Local Man Can’t Even Have Little Bump Before Driving To Work Anymore


“Let it be on the government’s head if I fall asleep at the wheel,” said local man Derek Tolsel upon hearing the news that motorists involved in traffic accidents will be made do a mandatory drug test from this weekend.

Tolsel is one of many motorists who will now have abstain from cocaine and other stimulants to help function during everyday life thanks to ridiculous new laws aimed to further take the fun out of driving.

“I’m more focused after a breakfast bump. What if I crash now from tiredness while dropping the kids off at school? Whose fault is it then?” put the father-of-three, “Another money racket is all it is!”

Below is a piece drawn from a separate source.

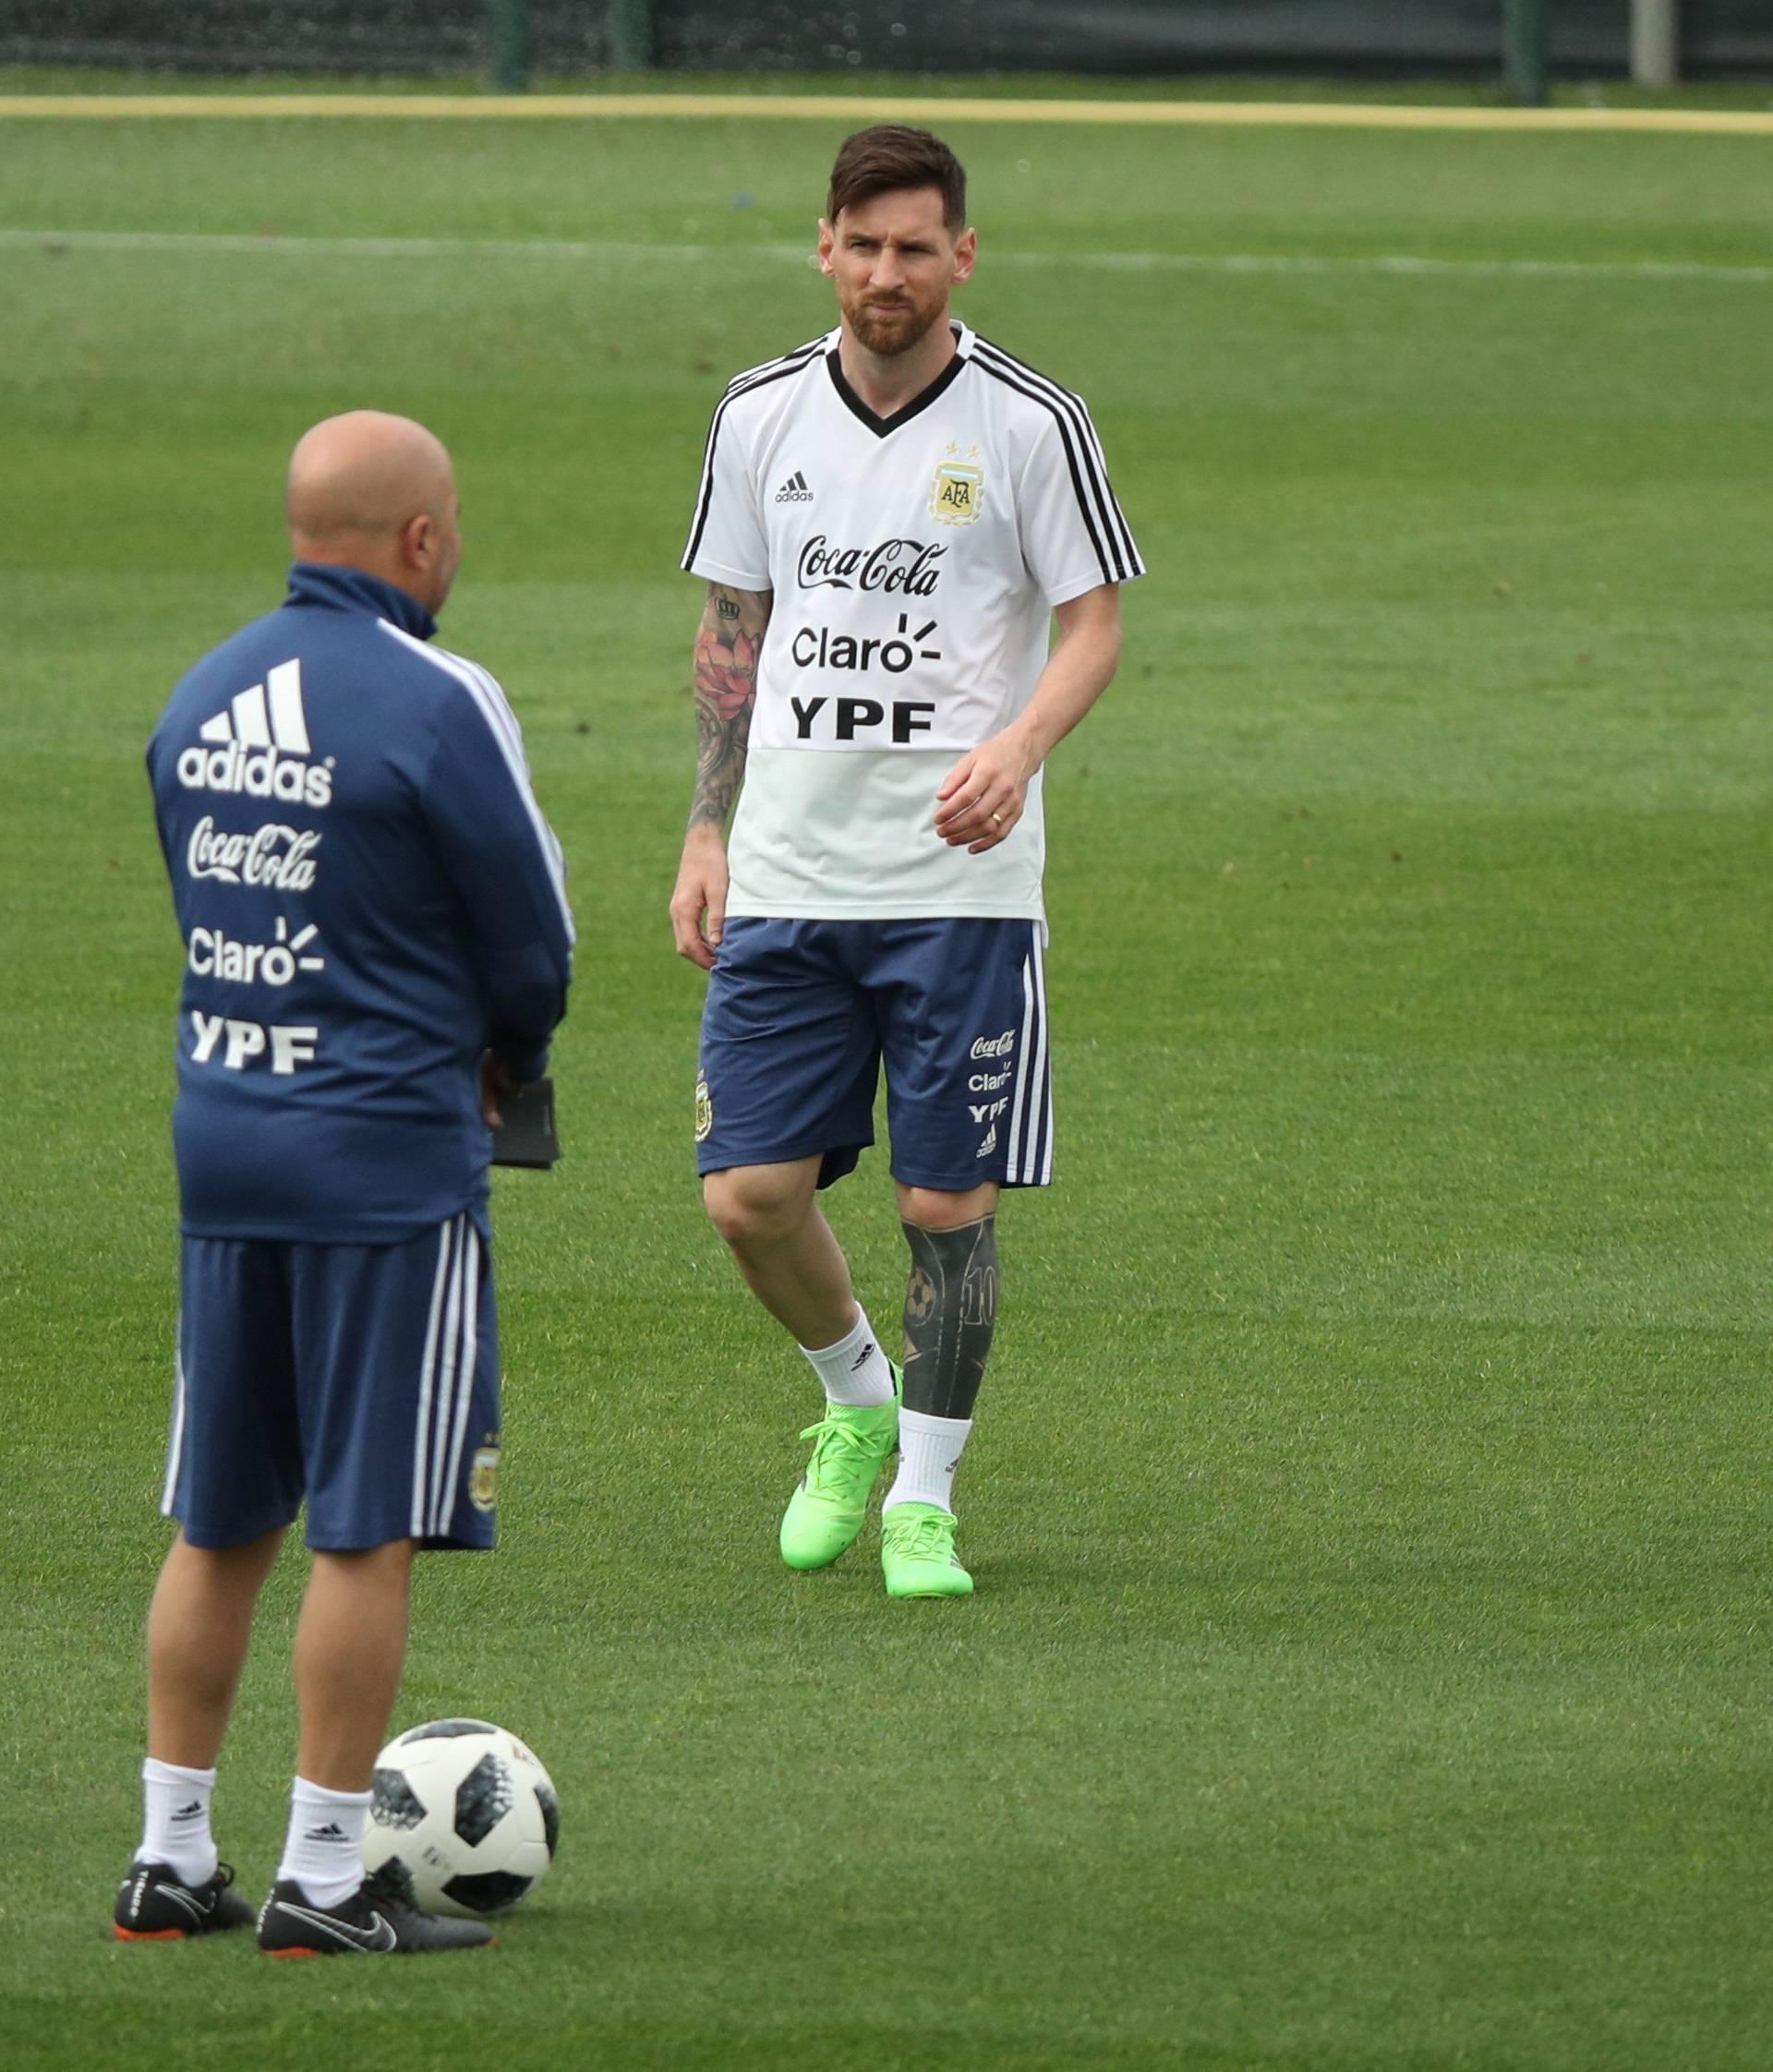 FIFA World Cup - Argentina Training
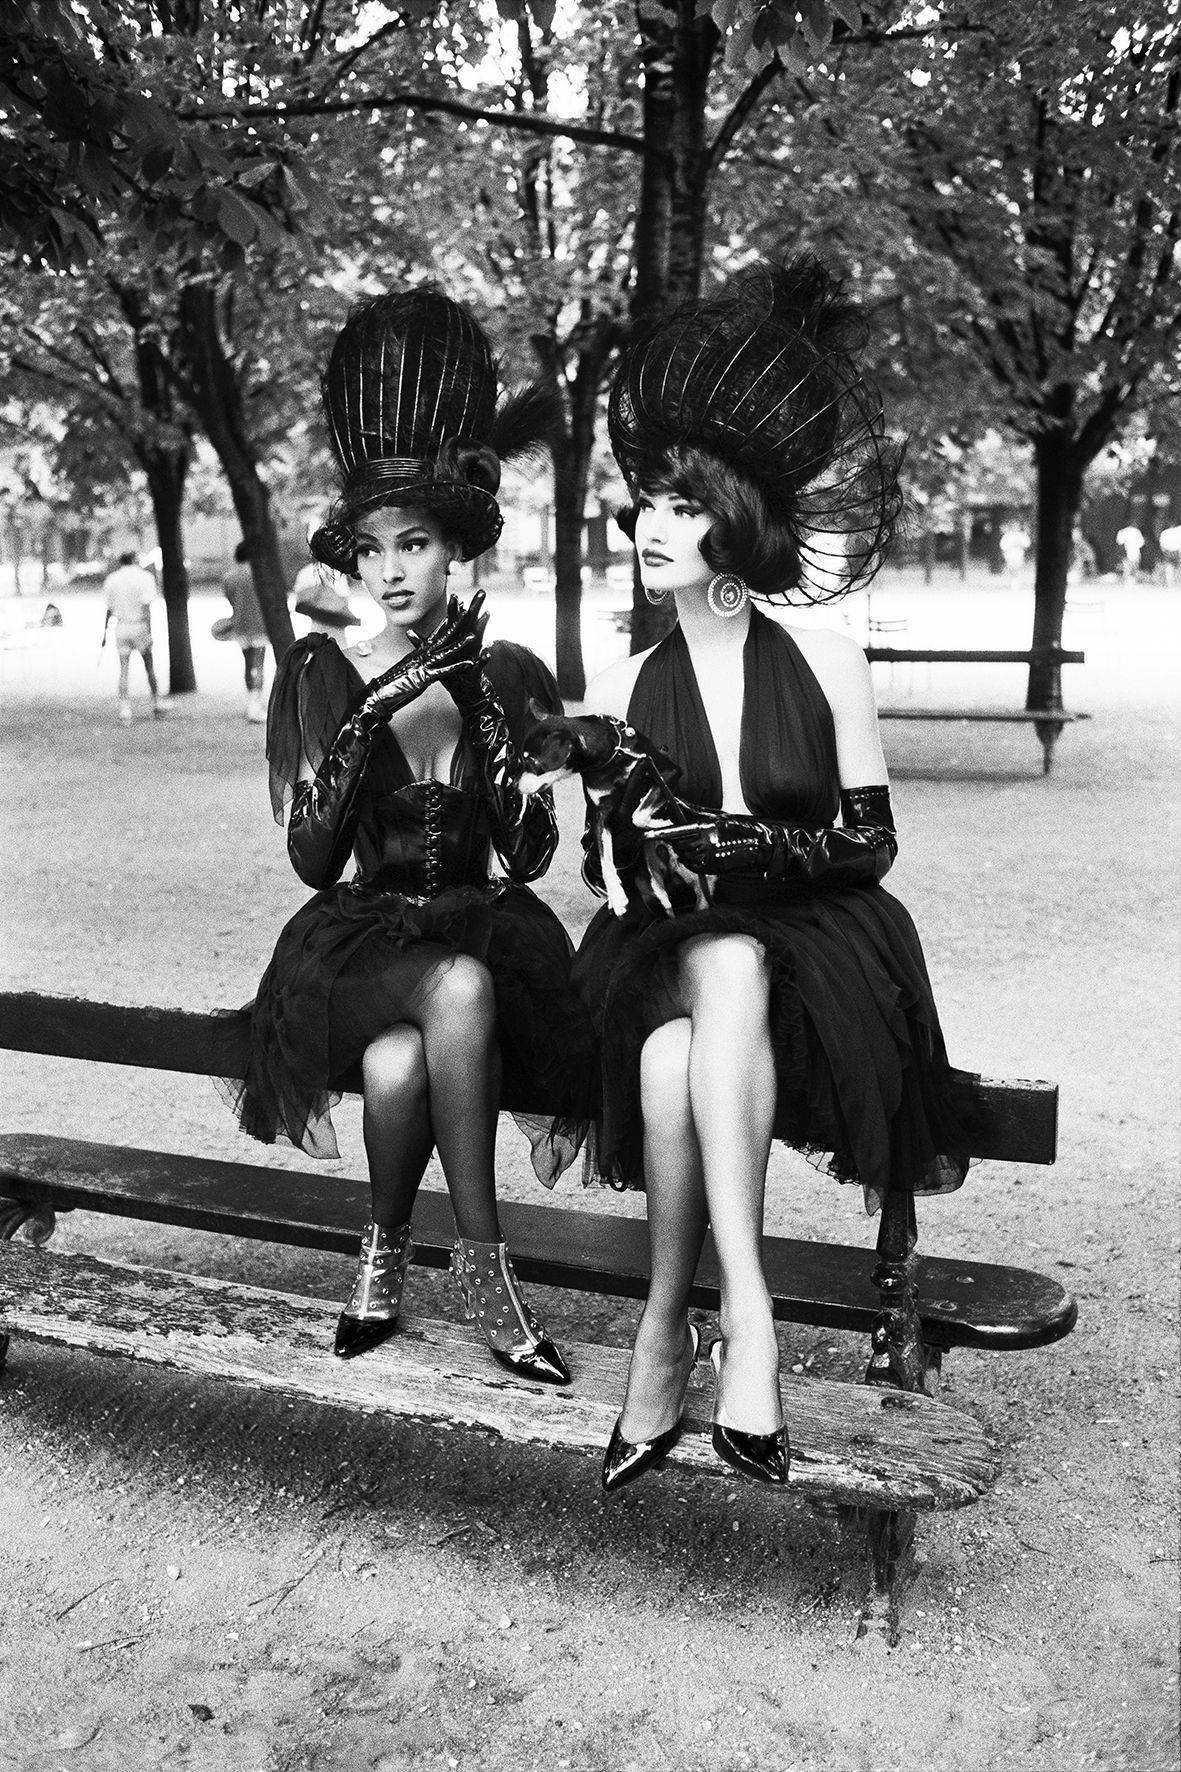 Haute Couture, Paris, 1991, 20 x 16 Silver Gelatin Photograph, Ed. 15

The new measures, which will take effect from Friday, are being introduced by Minister of Transport and Goodie Two Shoes Jack Chambers, who obviously has no idea of the number of people in Ireland able to drive perfectly fine on cocaine and other drugs.

“The fact that some drunk driver can slam into me, yet I get tested and done for cocaine is just typical Ireland,” another part-time father, full-time user told WWN.

An additional 10,000 Drugwipe test kits were purchased earlier this year to facilitate the new rules, with gardaí insisting they won’t invent fake testing numbers to make stats look good as was done during the breathalyzer scandal.

It is understood the new tests will not work on politicians, judges or senior members and players from the GAA.

Meanwhile, Google has confirmed a huge spike in the number of people searching how to flush cocaine from your system in 5 seconds.